Worf is considering sending Alexander away to a Klingon school, mostly because Alexander has no knowledge of what it means to be Klingon. (His mother rejected Klingon culture and passed this on to her son.) Worf is proud of his Klingon heritage, which allows for a great deal of tension with Alexander. The biggest problem for Worf is admitting that he has a lot to learn about parenting. When dealing with Alexander, Worf oversimplifies a lot of problems.

The moment of truth comes when an experiment with the new form of propulsion fails, leaving the Enterprise to solve the problem. The wave expands to such massive proportions that the receiving station won’t be able to stop it. In fact, if no one stops it, the planet that it’s on will be destroyed. In stopping the wave, lethal amounts of radiation will be released and that radiation will flood certain parts of the Enterprise. Worf has to get his son out of a burning room before the room is flooded with the radiation. Worf succeeds with the help of Commander Riker. Worf and Alexander come to an understanding that it will be more of a challenge for Alexander to stay, but Worf will have him if Alexander feels that he’s up to it.

The story involving the new form of propulsion wasn’t written very well. It looks like it was just a way to set up a dangerous situation where Worf would have to rescue Alexander. It was never seen or heard of again. (Fans of the Star Trek series are very familiar with promising technology that makes one appearance in the series, but is never explored again.)

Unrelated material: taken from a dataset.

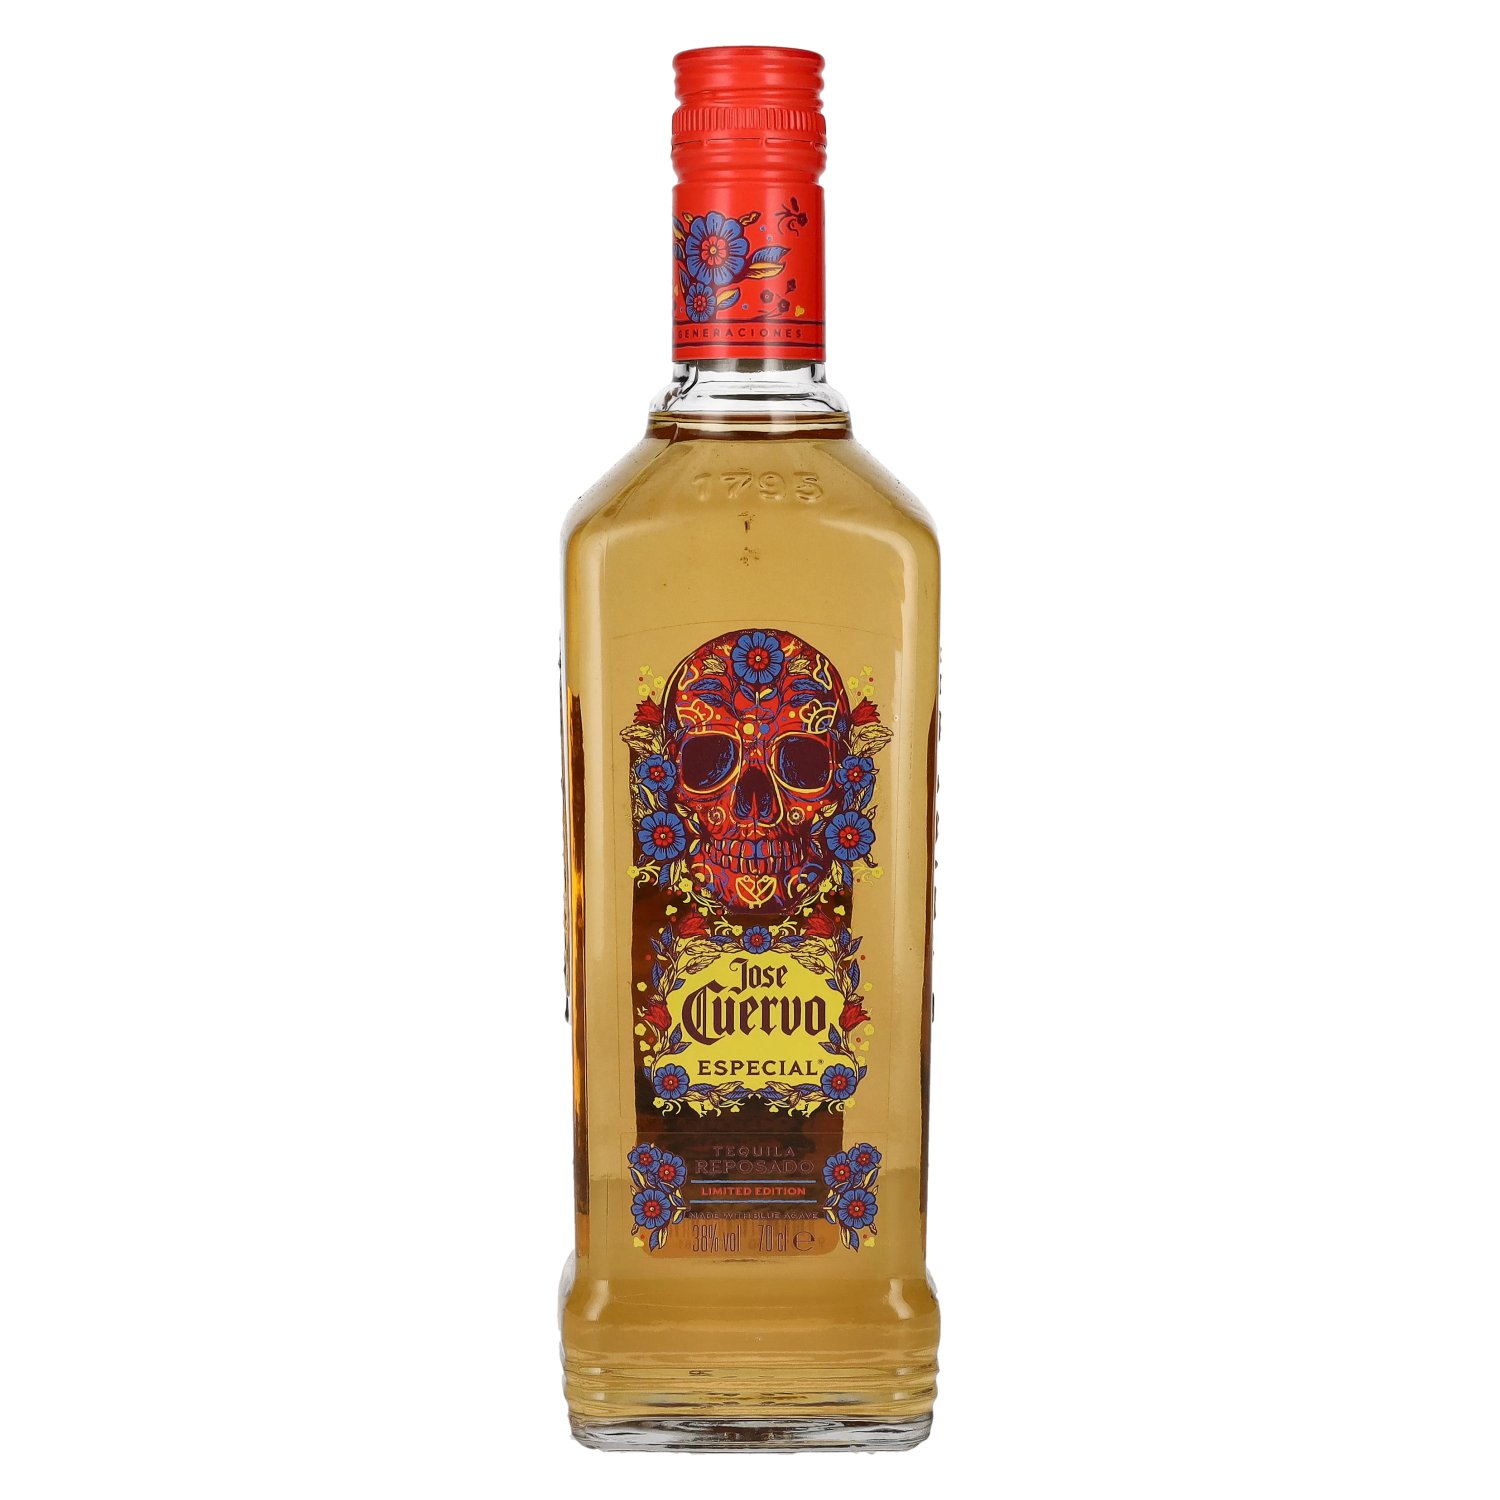 the 0,7l Edition Tequila José Cuervo Day of Dead 38% Especial Limited Vol. Reposado
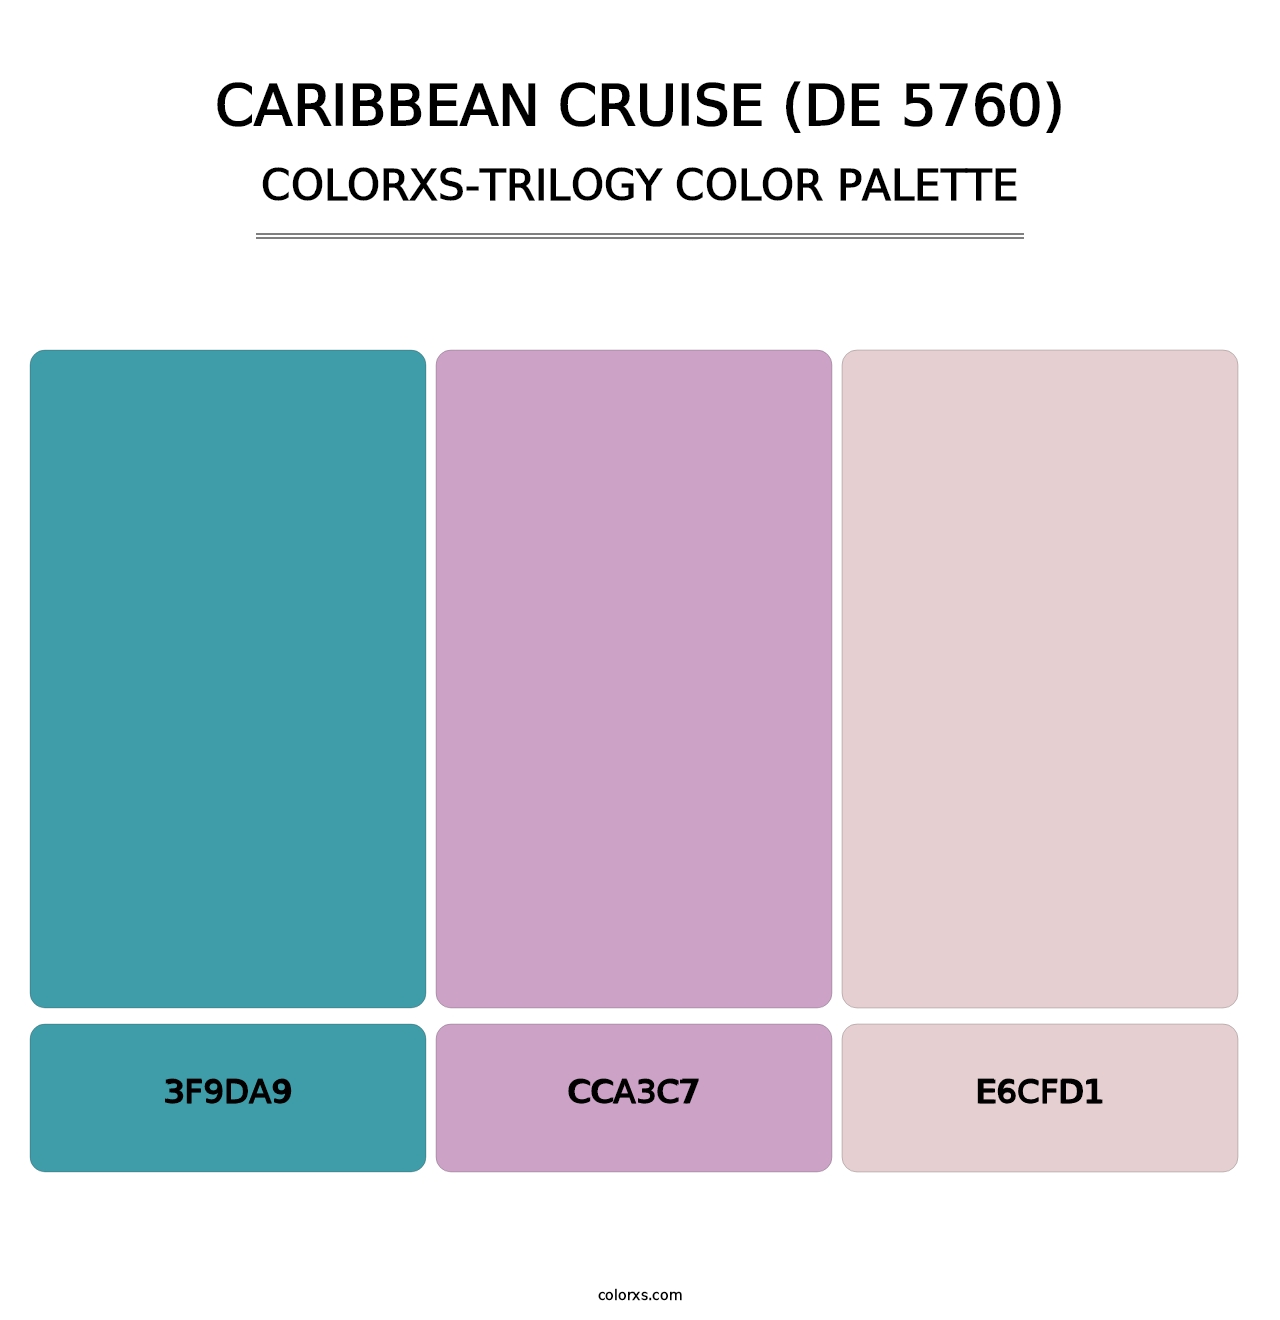 Caribbean Cruise (DE 5760) - Colorxs Trilogy Palette

Because of the way Alexander was raised, there is going to be tension between Alexander and Worf, and this is dealt with several times throughout the rest of the series, although not to this extent. This episode was simply to put Alexander back in to Worf’s life. It also sets up Counselor Troi as someone that Worf trusts and can depend on. It also is meant to have Alexander see that Worf is someone that’s looking out for him rather than some overbearing father who just wants to lay down a bunch of tough rules.

There are only about two or three episodes that you’d have to have seen to fully understand this one. If this was the first episode of the series that you watched, I don’t think that you’d be missing out on too much, though. However, it’s so late in the series that if you’re watching reruns on Spike TV, you might just want to wait until it starts at the beginning again.